1

I have .srt files which are in the following format:

0
1
00:00:01,830 --> 00:00:04,740
corresponding text
1

2
00:00:05,280 --> 00:00:10,280
corresponding text
2

3
00:00:10,740 --> 00:00:14,640
corresponding text
3

4
00:00:15,510 --> 00:00:19,260
corresponding text
4

and that extra line with the line number is all the way through the subtitle (line 5, line 6...line 540). I tried the command sed '/^[0-9]/ s/.//' and as expected it replaces all the numbers, but I don't know how to make it replace only the second occurrence of each number in the range.

The expected result is:

0
1
00:00:01,830 --> 00:00:04,740
corresponding text

2
00:00:05,280 --> 00:00:10,280
corresponding text

3
00:00:10,740 --> 00:00:14,640
corresponding text

4
00:00:15,510 --> 00:00:19,260
corresponding text

How can I achieve it either with sed, awk or any tool that can do it in batches since there are several files with the same situation?

Thanks!

3 Answers3

4
$ awk 'BEGIN{FS=OFS=RS;RS=""} {$NF=""}1' file
0
1
00:00:01,830 --> 00:00:04,740
corresponding text

2
00:00:05,280 --> 00:00:10,280
corresponding text

3
00:00:10,740 --> 00:00:14,640
corresponding text

4
00:00:15,510 --> 00:00:19,260
corresponding text
Ed Morton
  • 188,023
  • 17
  • 78
  • 185
  • Huh??? WTF? Ed... ?? What on earth is happening here?? (clueless, but I gotta know...) Why default print everything with a rule `$NF=""`? – David C. Rankin Jan 28 '21 at 03:27
  • 2
    @RavinderSingh13 - yes, that makes sense. I had snapped to most of that but did not catch the effect of `$NF=""` -- thinking about it in terms of paragraph and nuking the last field makes perfect sense. – David C. Rankin Jan 28 '21 at 06:15
  • Right, it's just emptying the last line (field) of each block (record/paragraph) then printing the block. – Ed Morton Jan 28 '21 at 12:03
  • I don't know why, but it doesn't work for me. It only removes the last duplicate of the file – jota jota Lopez Jan 28 '21 at 22:34
  • See https://stackoverflow.com/questions/45772525/why-does-my-tool-output-overwrite-itself-and-how-do-i-fix-it for what's causing that and how to fix it. – Ed Morton Jan 29 '21 at 00:04
2

Using awk, you can set a variable whenever the line contains one field. If it does, use a variable to hold the last value of that field, and skip printing the line when they match.

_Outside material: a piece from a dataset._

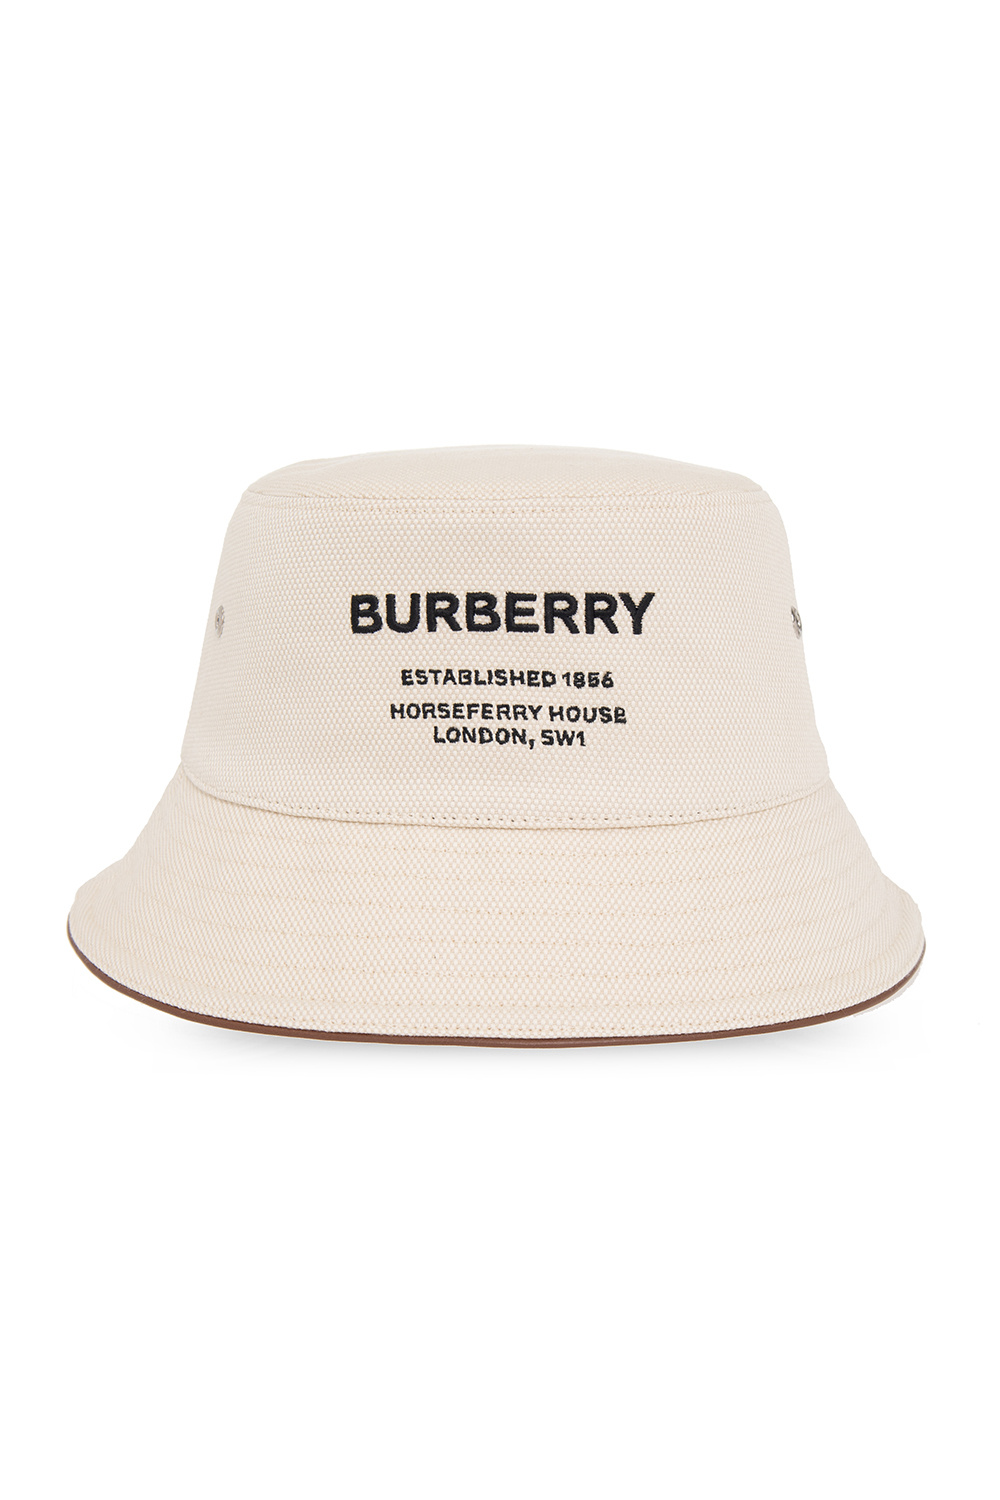 Burberry New Era MLB Sky Blue Undervisor 59FIFTY Fitted Hats to Match the Air Jordan 4 University Blue

awk 'NF == 1 {if (num != "" && $0 == num) next; else num = $0} 1'
Barmar
  • 741,623
  • 53
  • 500
  • 612
  • Thanks! Works great. I would really appreciate an explanation of how it works EDIT: For some reason 1 to 4 works fine, 5 remain doubled, and from 6 to the end it works fine again – jota jota Lopez Jan 28 '21 at 22:37
2

direct translation of your description. Remove the duplicate number appearing standalone of the line. Print if not integer, otherwise print only the first instance.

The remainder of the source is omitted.